Bei einem Spaziergang um die Hörnum Odde kann man die natürliche Dynamik und Kraft der Naturgewalten sehen und spüren - an der südlichen Spitze der Insel prallen zwei Meere aufeinander. An der südlichen Spitze der Insel prallen zwei Meere aufeinander. Kämpft man sich bei Sturm rund um die Südspitze sollte man die Runde so wählen, dass man an der Westseite den Wind möglichst im Rücken hat. Bei auflaufenden Wasser sieht man häufig vorbeischwimmende Seehunde und Kegelrobben, aber auch Muschelsammler kommen voll auf ihre Kosten.

9. Vogelbeobachtungen

Sie machen regelmäßig Urlaub auf Sylt: Jedes Jahr im Frühjahr und im Herbst legen Millionen Vögel auf dem Zug zwischen südlichen Winterquartieren und arktischen Brutgebieten einen Zwischenstopp auf Sylt ein. Gäste von weither, auf die mehr als nur ein flüchtiger Blick lohnt. Hilfestellung leisten auch hier die Experten: Die Schutzstation Wattenmeer etwa bietet vogelkundliche Beobachtungen am Strand von Hörnum an. Und auch am Rantum-Becken und kurz vor Morsum sollten Vogelfreunde zur Brutzeit ein Fernglas zur Hand nehmen und die Binnenseite des Deiches beobachten.

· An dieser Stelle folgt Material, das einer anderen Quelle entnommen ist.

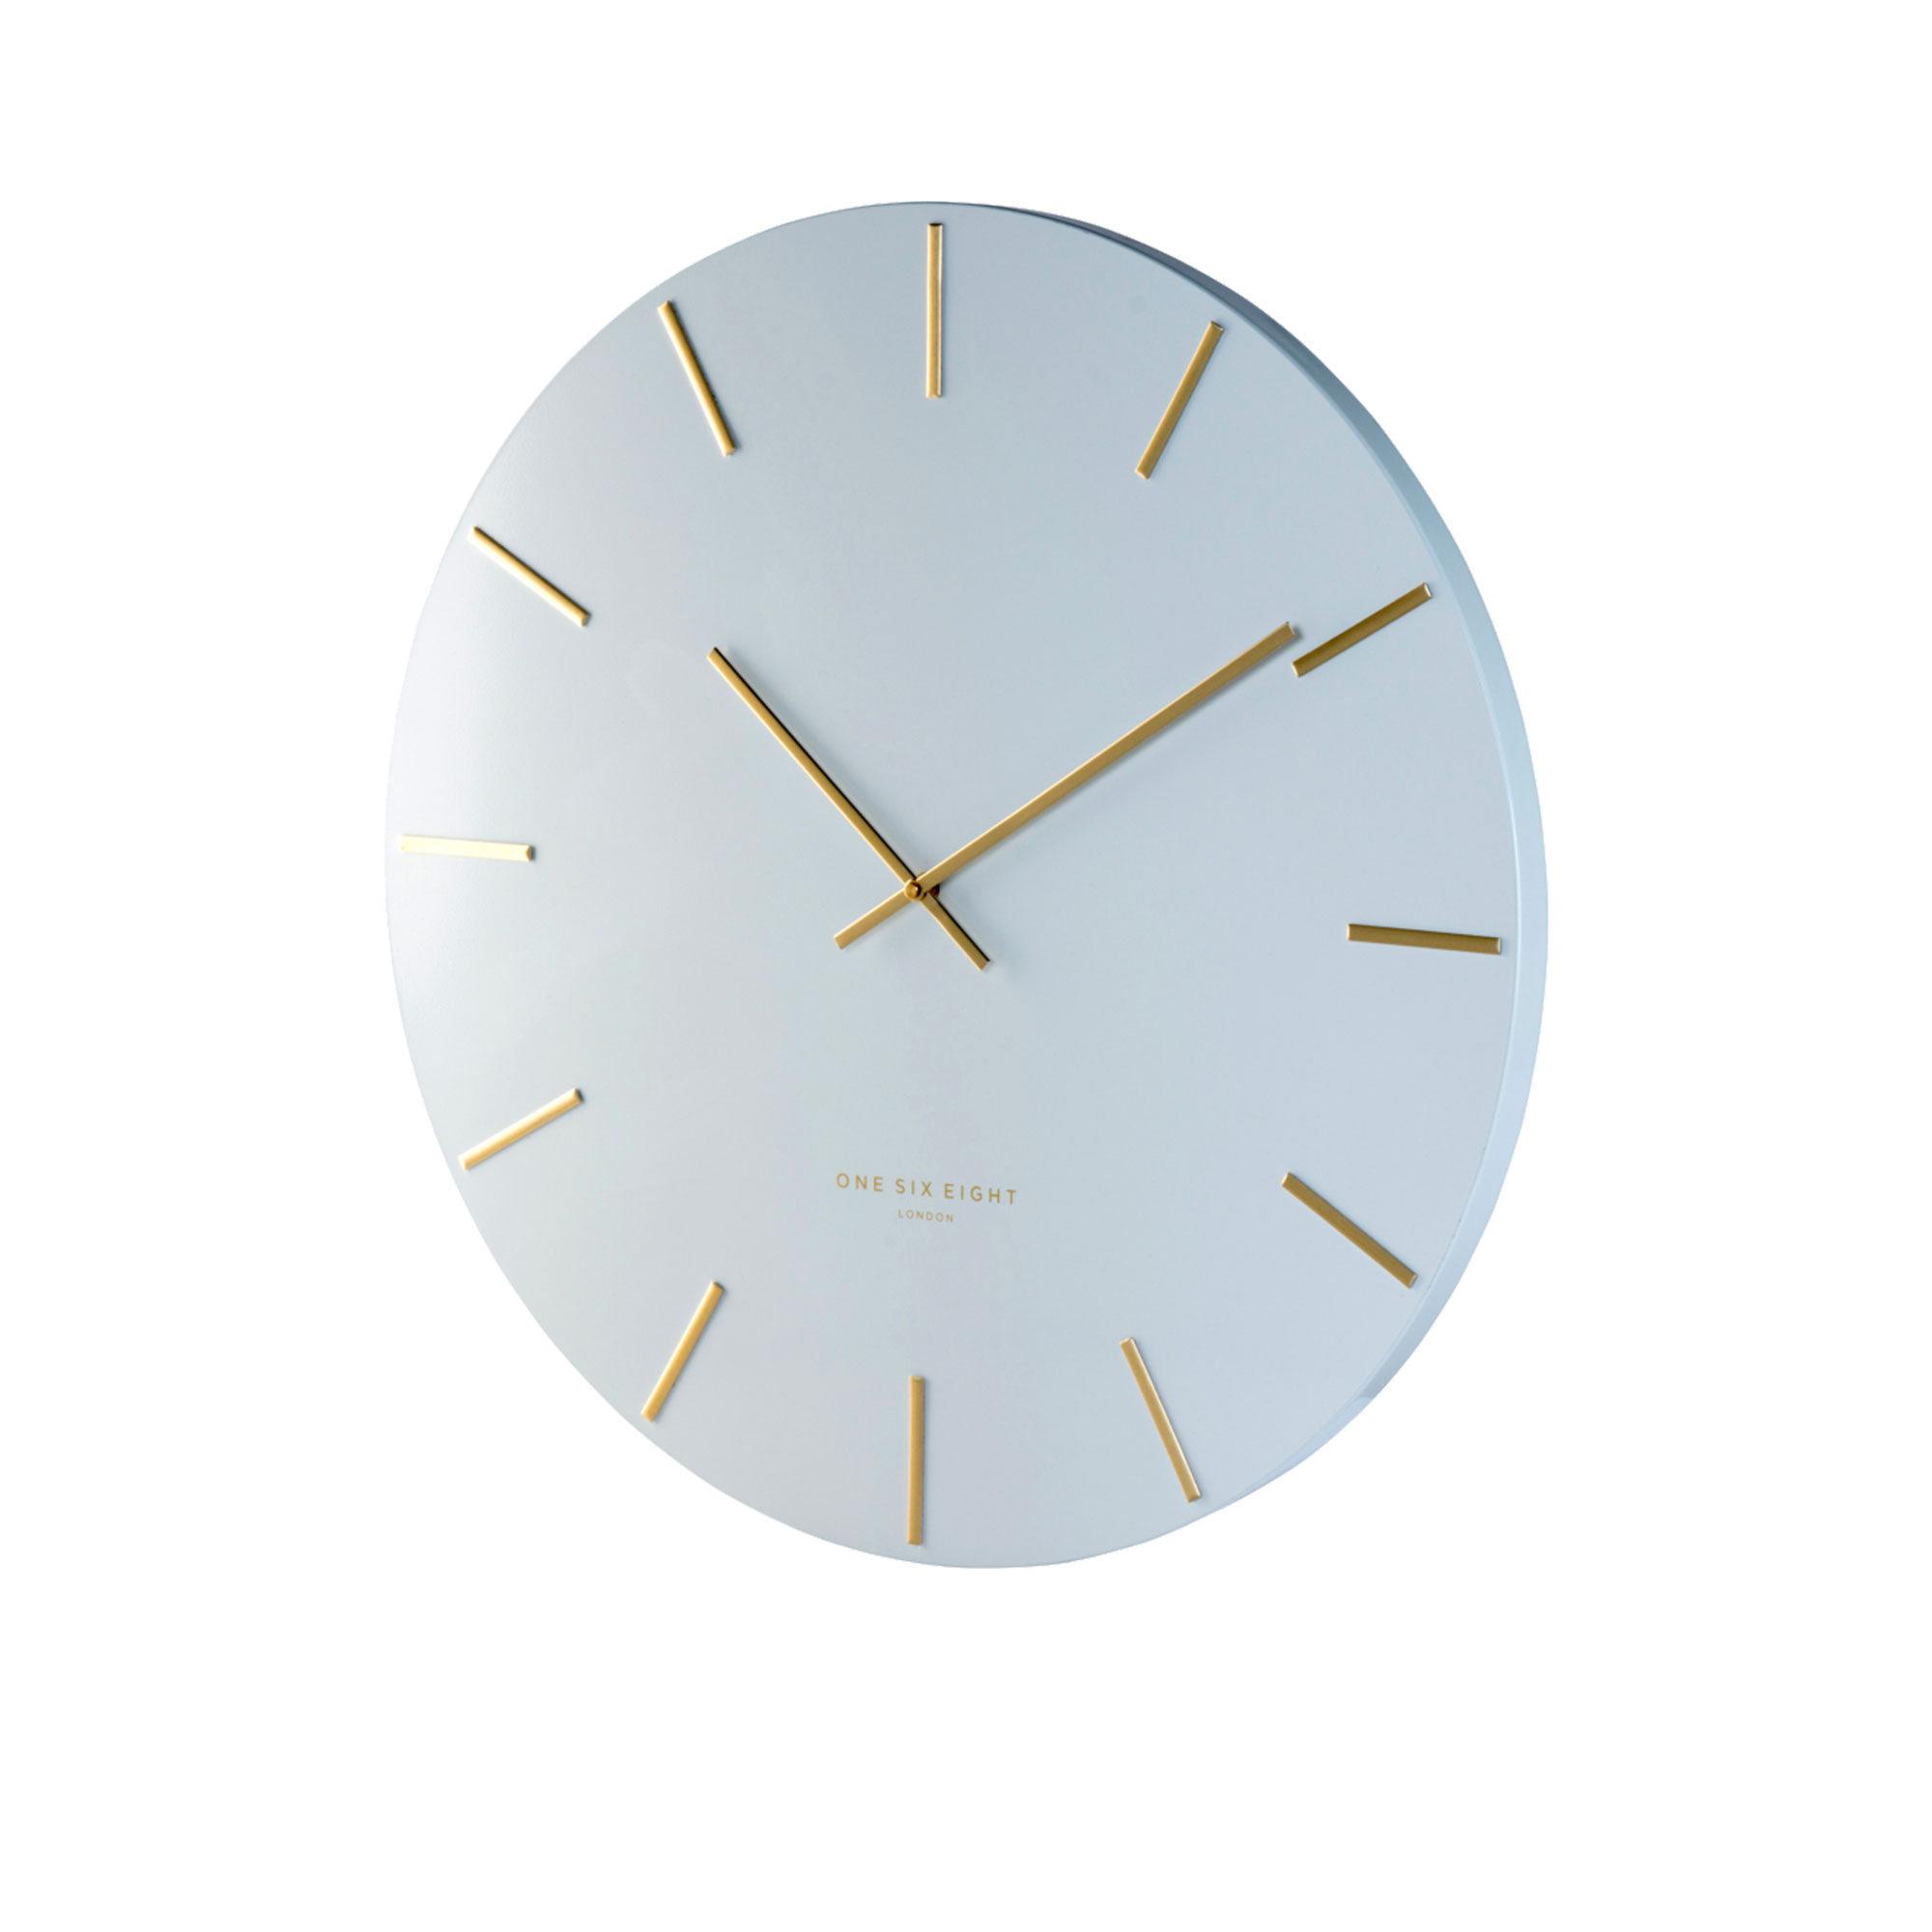 One Six Eight London Luca Silent Wall Clock 40cm White Image 3

10. Erlebniszentrum Naturgewalten

Wie fühlt sich Windstärke acht an? Man kann auf das Wetter hoffen - oder diese Erfahrung ganzjährig im Erlebniszentrum Naturgewalten in List machen. Hier wird vom Klima erzählt, von der Natur des Nordens und dem Meer. Im Sturmraum, im Wellenkanal, beim Flutungsmodell und in einem überdimensionalen Watt-Tunnel. Sylter Naturerlebnisse - zur Abwechslung mal überdacht, kompakt an einem Ort und modern aufbereitet.